It is then applied to a for loop to verify the performance of this model for prediction, doing a new parameter estimation every 24 hours:

#first iteration and initialization
starting_datetime = pd.Timestamp("2015-02-01 00:00", tz="US/Eastern")
n_days_pred = 1
i = 1
i_max = 1
n_timesteps = int(n_days_pred*24*3600 / timestep)
finishing_datetime = starting_datetime + timedelta(hours = (24*n_days_pred))
train_results = train (starting_datetime,finishing_datetime,i,i_max)
finishing_datetime = starting_datetime + timedelta(hours = (24*n_days_pred*2))
X_pred = prediction (train_results, starting_datetime,finishing_datetime)
#the rest of the iterations
training_time = []
params=[]
i_max = 13
for i in range (2,i_max+1):
    finishing_datetime = starting_datetime + timedelta(hours = (24*n_days_pred*i))
    start_train = time.time()
    train_results = train (starting_datetime,finishing_datetime,i,i_max)
    print(train_results)
    end_train = time.time()
    training_time.append(end_train - start_train)
    print(i)
    print(training_time)
    params.append(train_results)
    starting_datetime_pred = finishing_datetime
    finishing_datetime_pred = finishing_datetime + timedelta(hours = (24*n_days_pred*1))
    X_pred_new = prediction (train_results, starting_datetime_pred,finishing_datetime_pred)
    X_pred = np.concatenate((X_pred,X_pred_new[-n_timesteps:]))

The prediction function is just the same model that uses the trained parameters to make predictions for the temperatures of the 5 building zones (IMODE 4). Almost all the time is spent computing the parameter estimation. The training computation time at every iteration is: [ 17.77, 34.25, 61.95, 97.31, 152.96, 215.53, 319.42, 463.88, 548.74, 691.37, 946.15, 1144.1 ] Last iteration takes around 19 minutes and it uses a 2 weeks dataset.
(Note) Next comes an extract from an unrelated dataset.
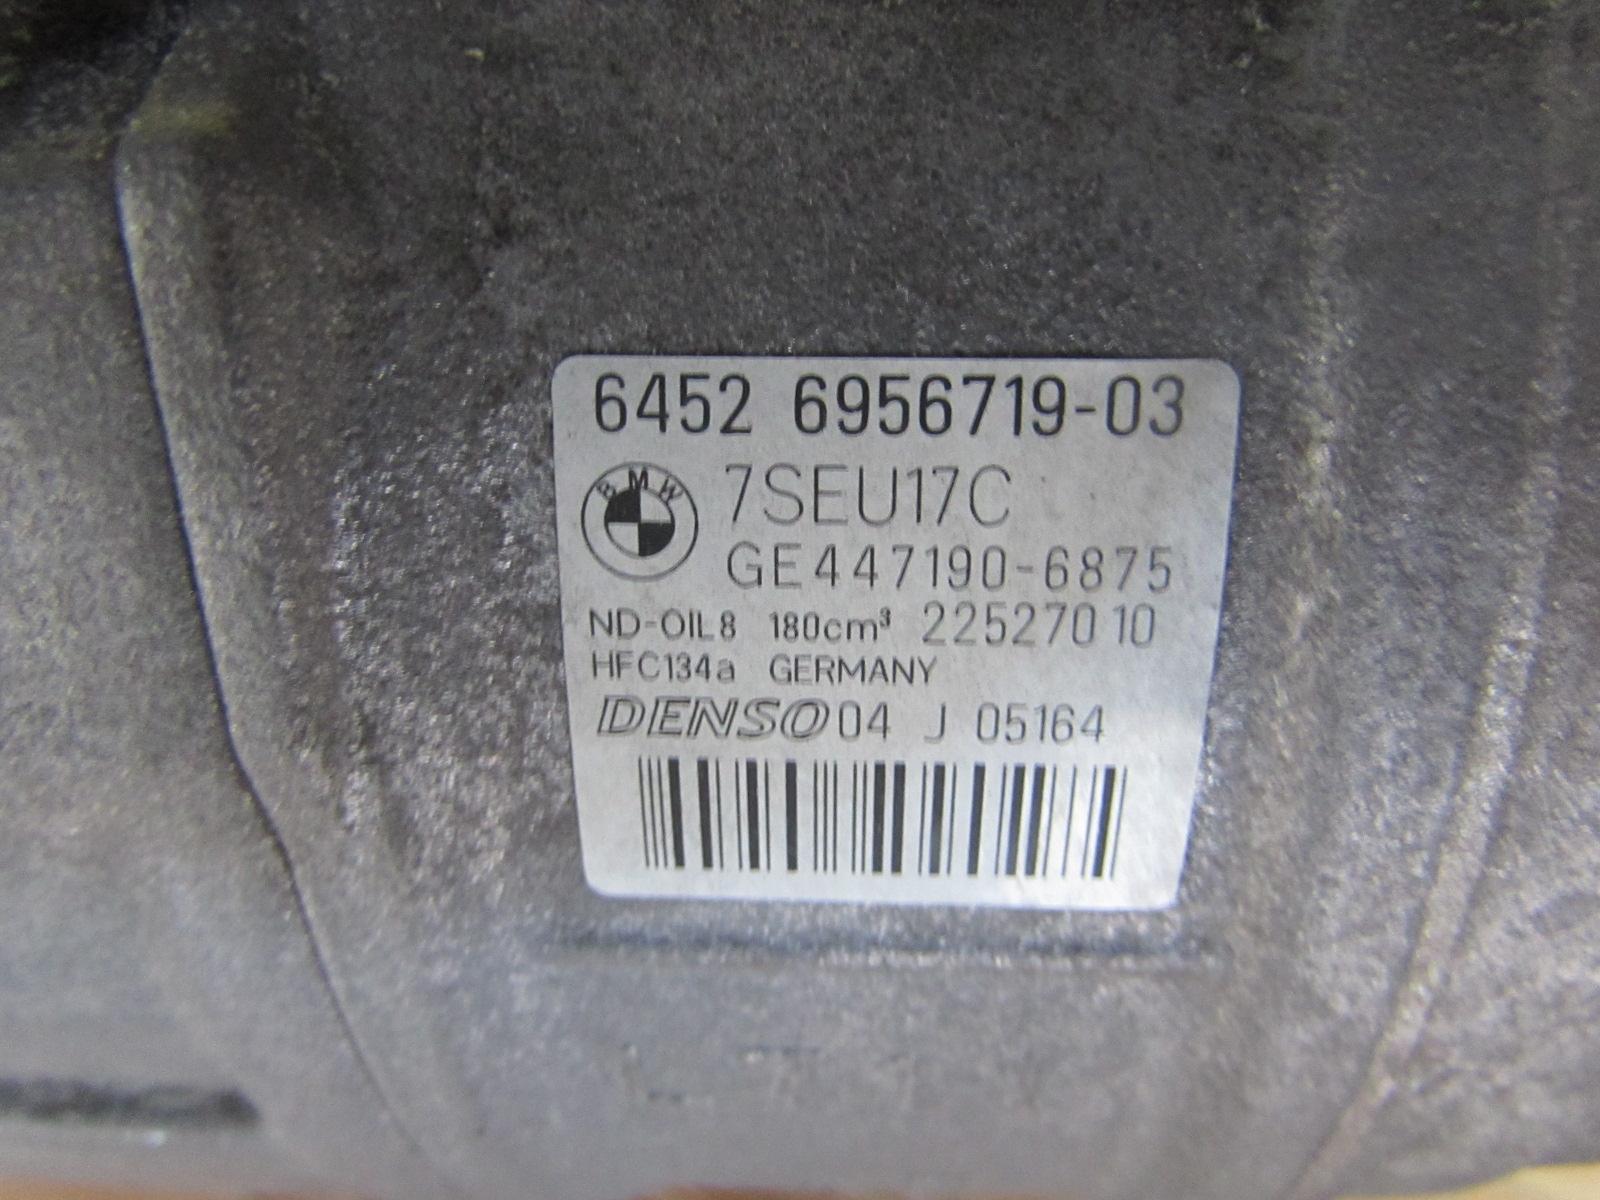 Bmw Ac Air Conditioner Compressor Denso 64526956719 E90 E92 E93 335i Kompresor Seri 3 E46 335xi 335is E82 135i E89

The report of this last iteration, with the computation times included (DIAGLEVEL=1), is the following (i had to cut some parts because of characters limit):

 Called files( 35 )
 READ info FILE FOR VARIABLE DEFINITION: gk_model116.info
 initialization step:  0
 Parsing model file gk_model116.apm
 Read model file (sec): 0.013000000000000012
 Initialize constants (sec): 0.
 Determine model size (sec): 0.006000000000000005
 Allocate memory (sec): 0.
 Parse and store model (sec): 0.0030000000000000027
 
 --------- APM Model Size ------------
 Each time step contains
   Objects      :  0
   Constants    :  0
   Variables    :  58
   Intermediates:  0
   Connections  :  0
   Equations    :  5
   Residuals    :  5
 
 Error checking (sec): 0.0010000000000000009
 Compile equations (sec): 0.002999999999999975
 Check for uninitialized intermediates (sec): 0.
 ------------------------------------------------------
 Total Parse Time (sec): 0.027000000000000007
 initialization step:  1
 initialization step:  2
 initialization step:  3
 Called files( 8 )
 Files(8): File Read ss.t0 F
 files: ss.t0 does not exist
 Called files( 31 )
 READ info FILE FOR PROBLEM DEFINITION: gk_model116.info
 initialization step:  4
 Called files( 31 )
 READ info FILE FOR PROBLEM DEFINITION: gk_model116.info
 WARNING: restart file not found - est.t0
 Called files( 51 )
 Read DBS File defaults.dbs
 files: defaults.dbs does not exist
 Called files( 51 )
 Read DBS File gk_model116.dbs
 files: gk_model116.dbs does not exist
 Called files( 51 )
 Read DBS File measurements.dbs
 Called files( 51 )
 Read DBS File overrides.dbs
 files: overrides.dbs does not exist
 Number of state variables:    179746
 Number of total equations: -  179712
 Number of slack variables: -  0
 ---------------------------------------
 Degrees of freedom       :    34

This is Ipopt version 3.10.2, running with linear solver mumps.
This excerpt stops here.